Для выявления патологической активации системы комплемента мы рекомендуем, как минимум, исследование уровня С3 фракции комплемента, исследование уровня С4 фракции комплемента в сыворотке крови, всем пациентам с предполагаемым или известным диагнозом аГУС [1, 38, 39, 41, 42].
Комментарии: Генетический дефект АПК обусловливает предрасположенность к развитию аГУС, поэтому определение в крови содержания компонентов комплемента и факторов, регулирующих активность АПК, является важным дополнительным методом в диагностике аГУС [1, 38, 39, 41, 42]. Нормальный показатель С3 не исключает диагноза аГУС, но выявленное снижение этого компонента комплемента может служить дополнительным аргументом в пользу данного диагноза.
Кроме уровней С3 и С4 фракций комплемента, целесообразно определение общей гемолитической активности комплемента (СН50, АР50), а также регуляторных факторов комплемента CFH, CFI, CFB, при доступности этих исследований. В рутинной клинической практике сегодня доступно, в основном, исследование в крови уровней С3 и С4 фракций комплемента. Снижение содержания С3 при нормальном уровне С4, указывающее на активацию АПК, отмечается не более чем у 50% пациентов с аГУС [61–67].
С целью дифференциальной диагностики между аГУС и ТТП у пациентов с острым эпизодом ТМА целесообразно использовать определение в крови фрагмента комплемента С5а и растворимого мембраноатакующего комплекса (МАК, С5b-9), отражающих активацию альтернативного и терминального путей комплемента.
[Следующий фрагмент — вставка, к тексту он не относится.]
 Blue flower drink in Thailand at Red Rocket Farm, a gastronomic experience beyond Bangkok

Было установлено, что содержание этих факторов повышается при острой комплемент-опосредованной ТМА, что дает основание рассматривать их как биологические маркеры аГУС [35, 64, 65]. Однако для подтверждения их диагностического значения требуются дополнительные исследования.
Мы рекомендуем определение содержания антител к фактору H (CFH) всем пациентам с предполагаемым диагнозом аГУС для исключения или подтверждения аутоиммунного (антительного) варианта аГУС, забирая кровь для их определения до начала плазмотерапии [1, 39, 42, 67].
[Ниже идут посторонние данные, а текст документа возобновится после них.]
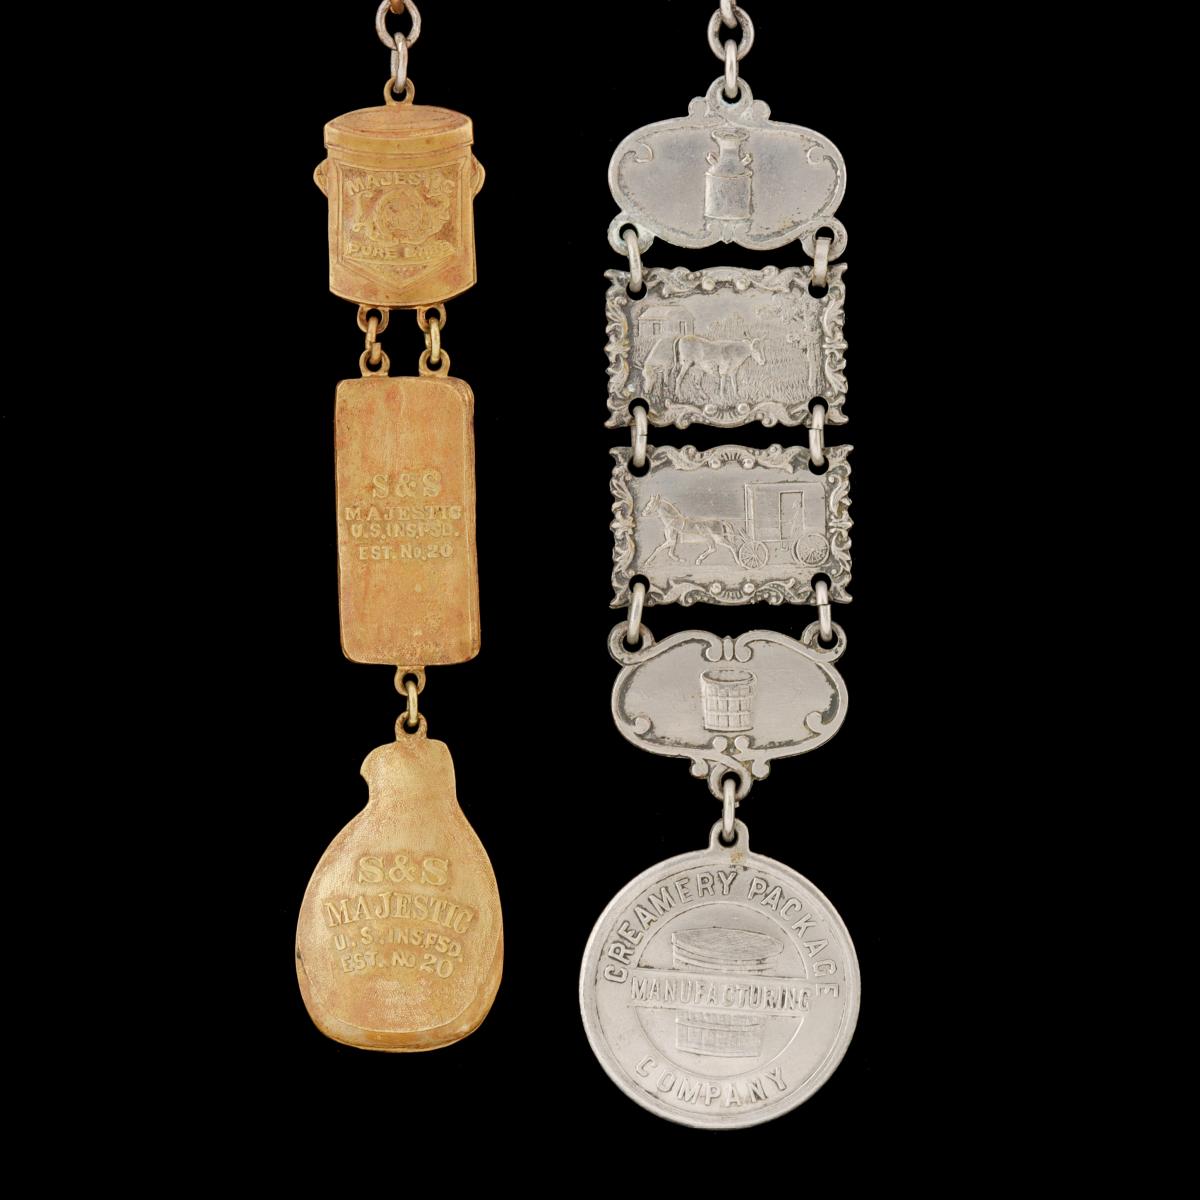 KC HAM AND DAIRY COMPANY ADVERTISING WATCH FOBS C. 1910

Комментарии: Аутоантитела к CFH обнаруживают у 5–20% пациентов с аГУС [7, 61, 66]. Хотя наиболее часто их идентифицируют у детей от 5 до 10 лет, однако нередко выявляют и у взрослых [5]. Действие анти-CFH-антител, как и мутаций CFH, приводит к избыточной активации АПК. Наличие подобных антител часто связано с дефицитом CFH-связанных белков 1 и 3 (CFHR1 и CFHR3), возникающим вследствие мутаций соответствующих генов. Установлено, что у 90% пациентов с анти-CFH-антителами полностью отсутствуют CFHR1 и CFHR3 вследствие гомозиготной делеции в генах этих протеинов. Достаточно высокая частота обнаружения анти-CFH-антител дает основания для выделения аутоиммунного типа аГУС. Своевременное выявление анти-СFH-антител имеет важное значение для выбора тактики лечения.
Мы рекомендуем у пациентов с предполагаемым аГУС использовать критерии KDIGO 2012 года для диагностики ОПП [39, 68].